- Source records -
══════
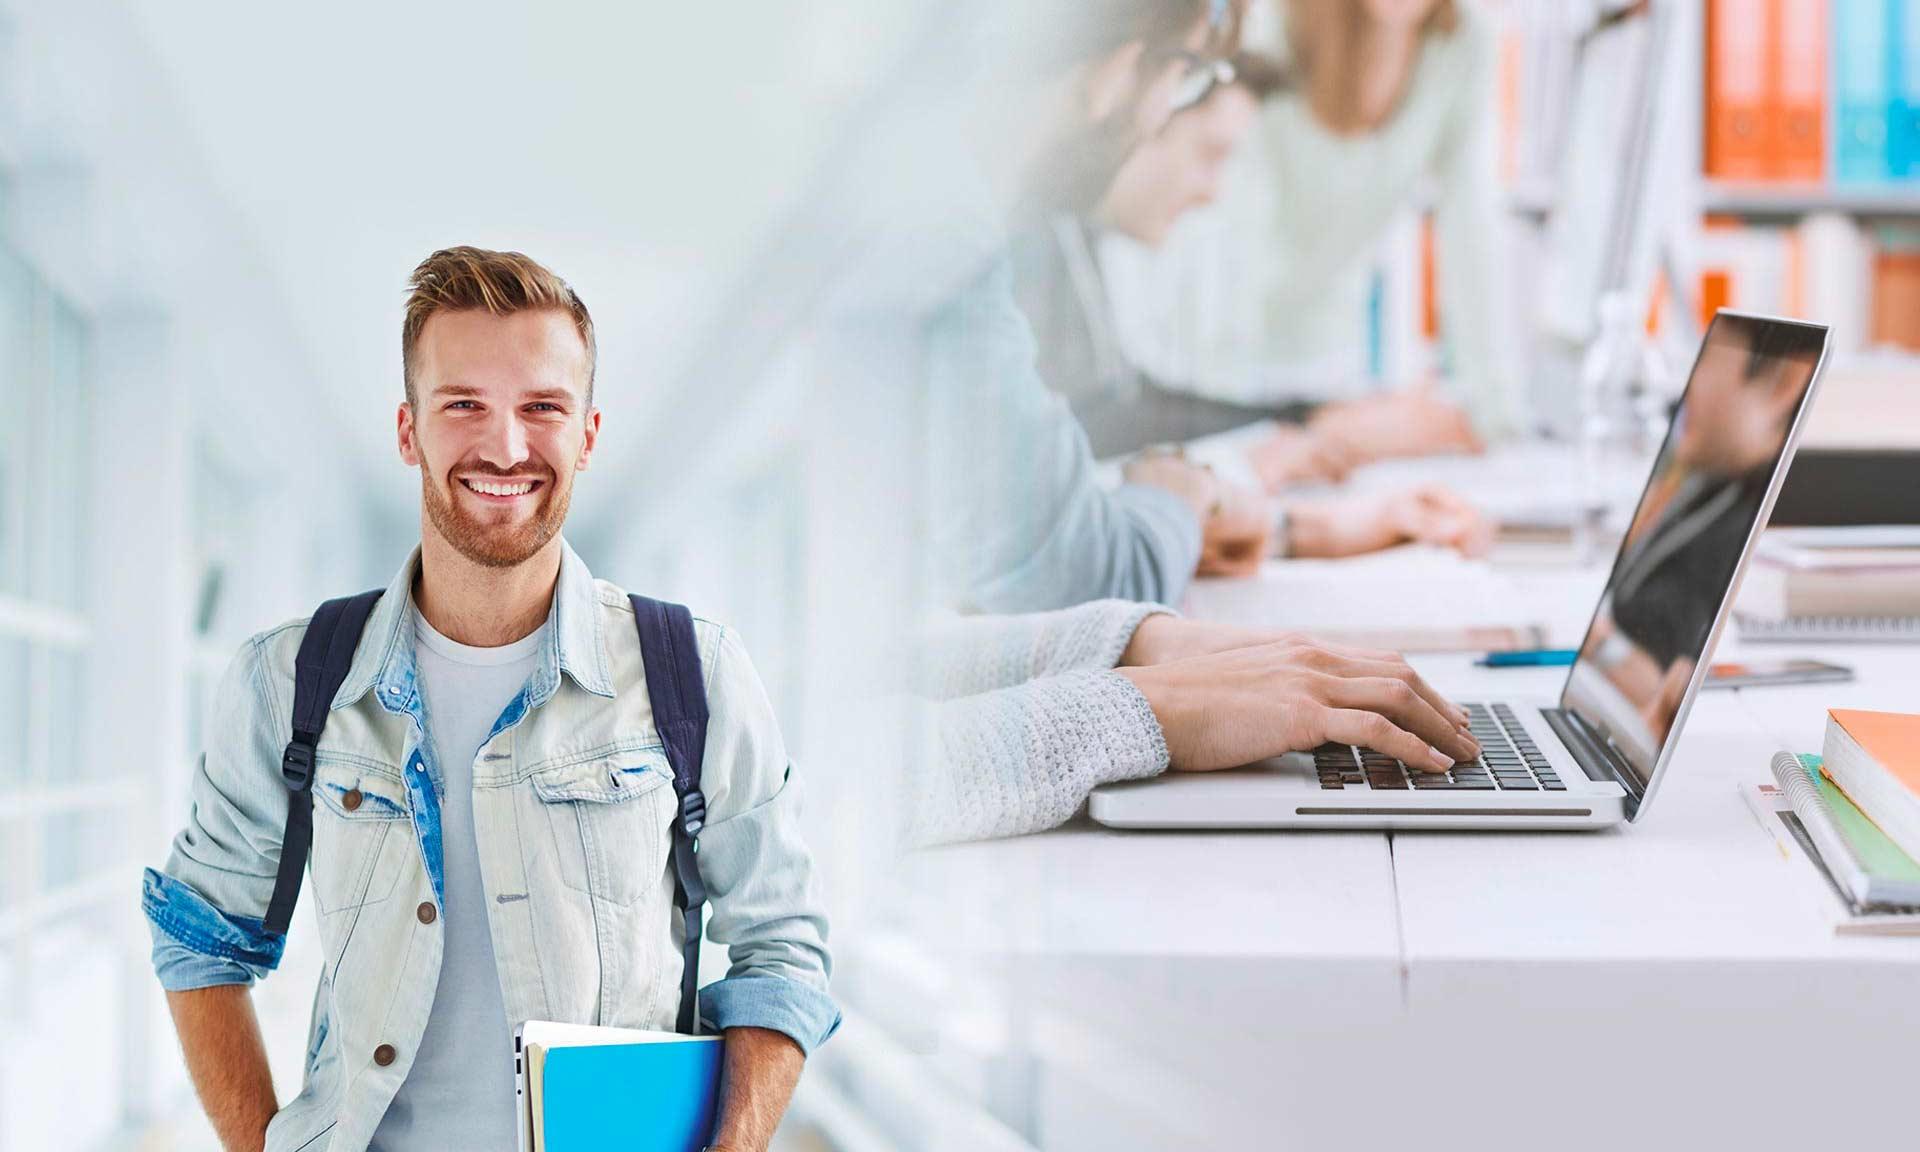 Lagersysteme für die Ausbildung zukünftiger Fachleute
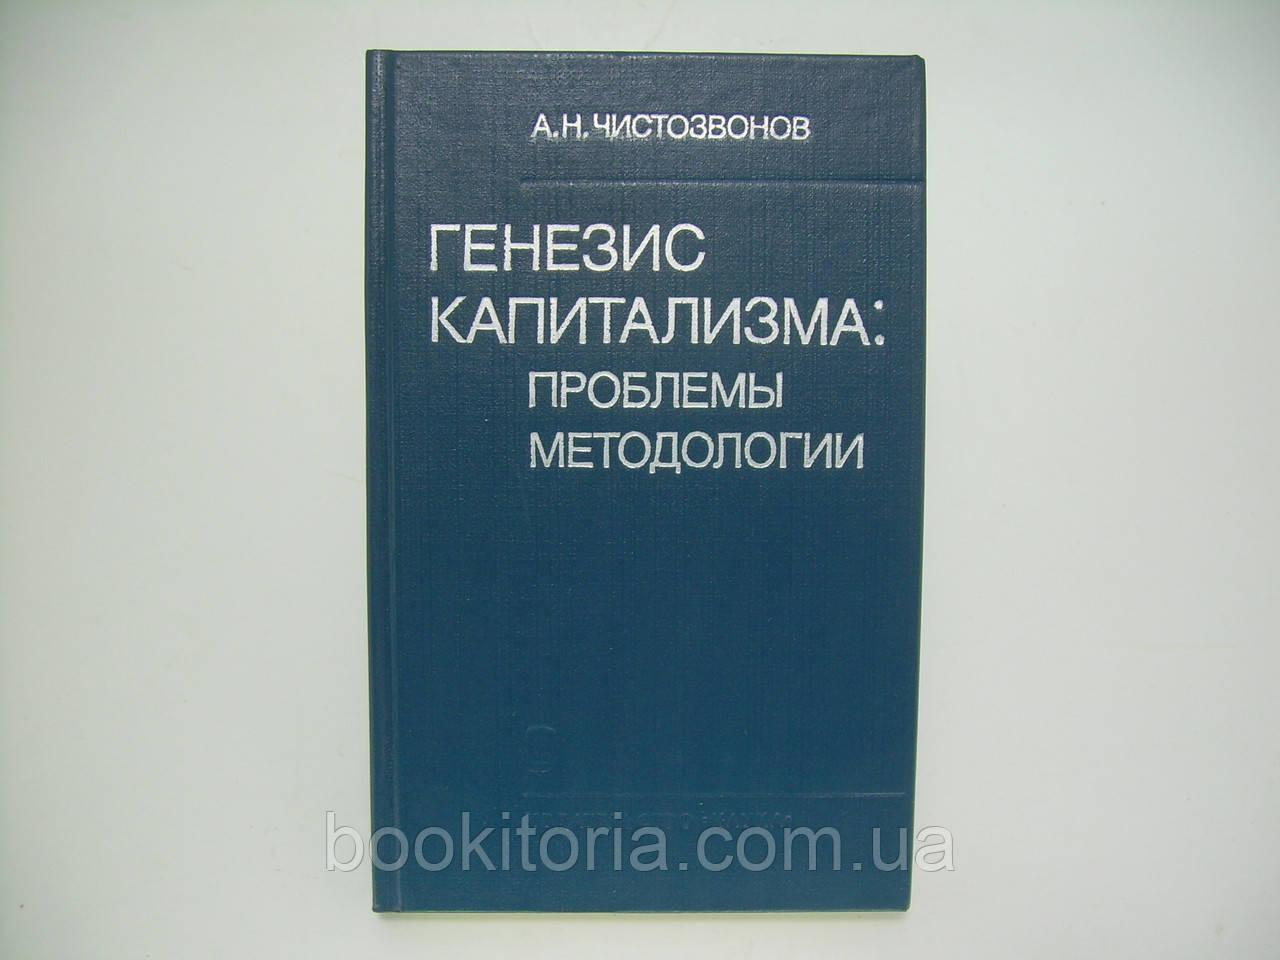 Чистозвонов А.Н. Генезис капитализма: проблемы методологии (б/у).
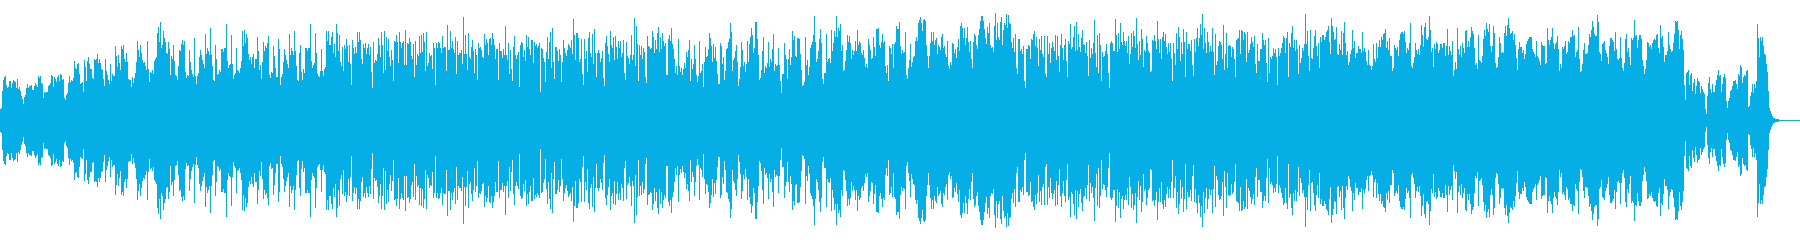 オーボエのリフレインとエレクトロニカの再生済みの波形
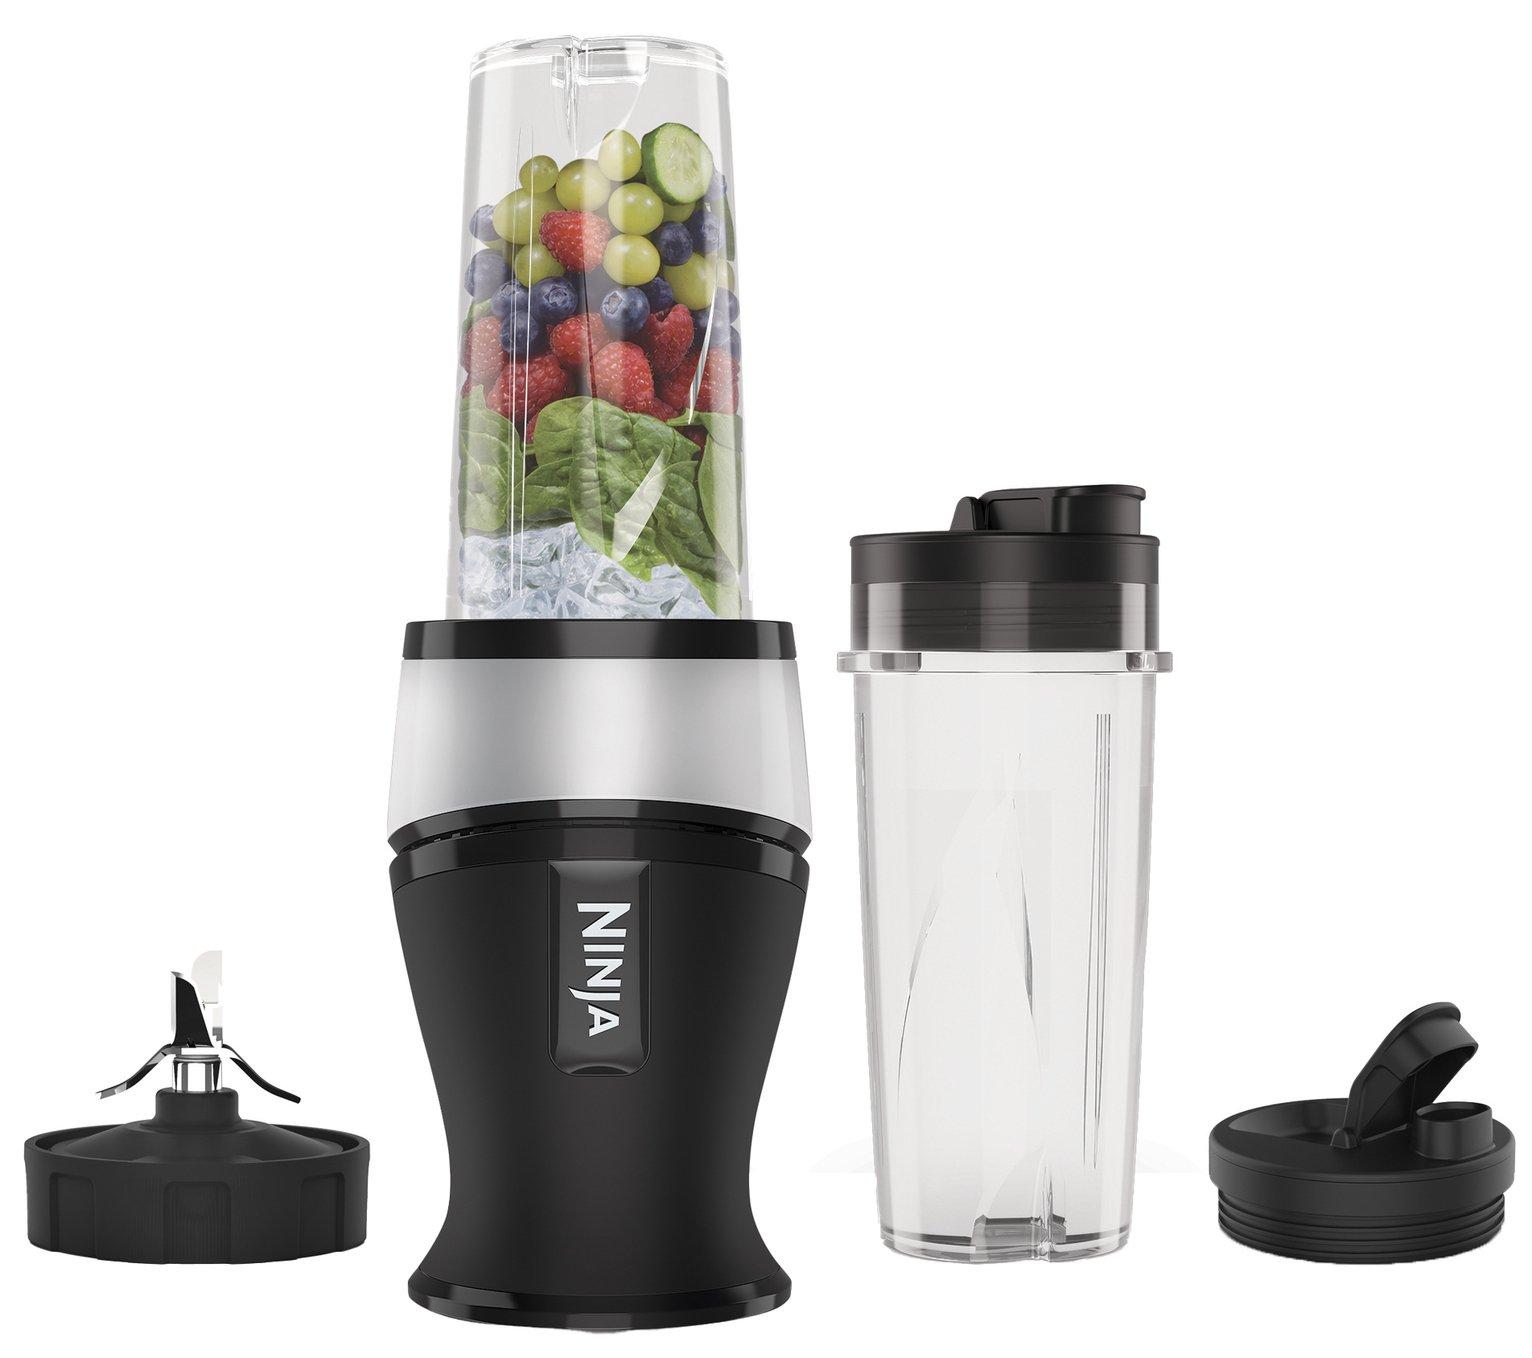 Nutri Ninja blender and smoothie maker
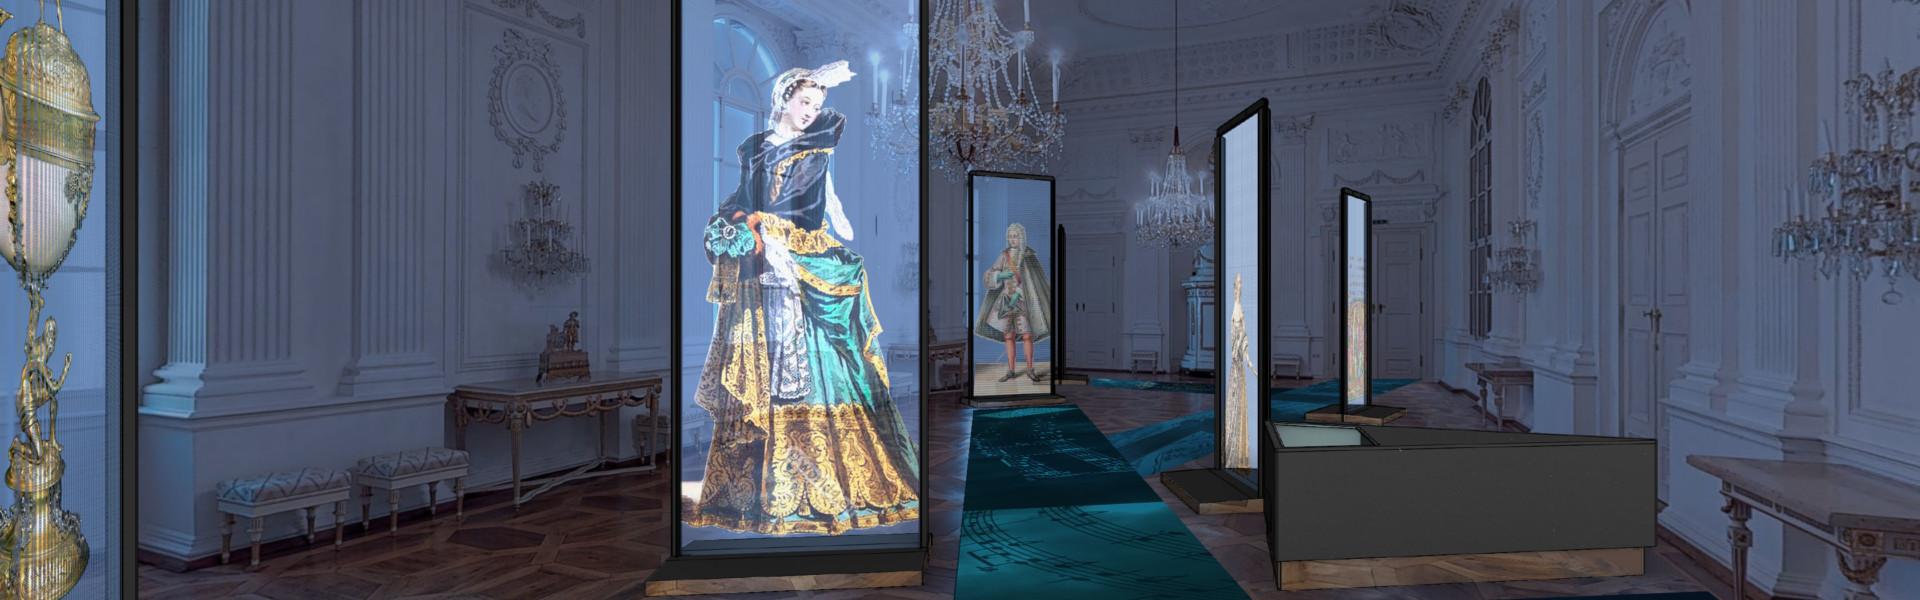 Blick in die Ausstellung, Weisser Saal
══════
The answer must be an exact copy of the lines from the one containing "オーボエのリフレインとエレクトロニカの再生済みの波形" through the last line of the records, with no pictures included.

- Solution below -
 オーボエのリフレインとエレクトロニカの再生済みの波形
 Nutri Ninja blender and smoothie maker
 Blick in die Ausstellung, Weisser Saal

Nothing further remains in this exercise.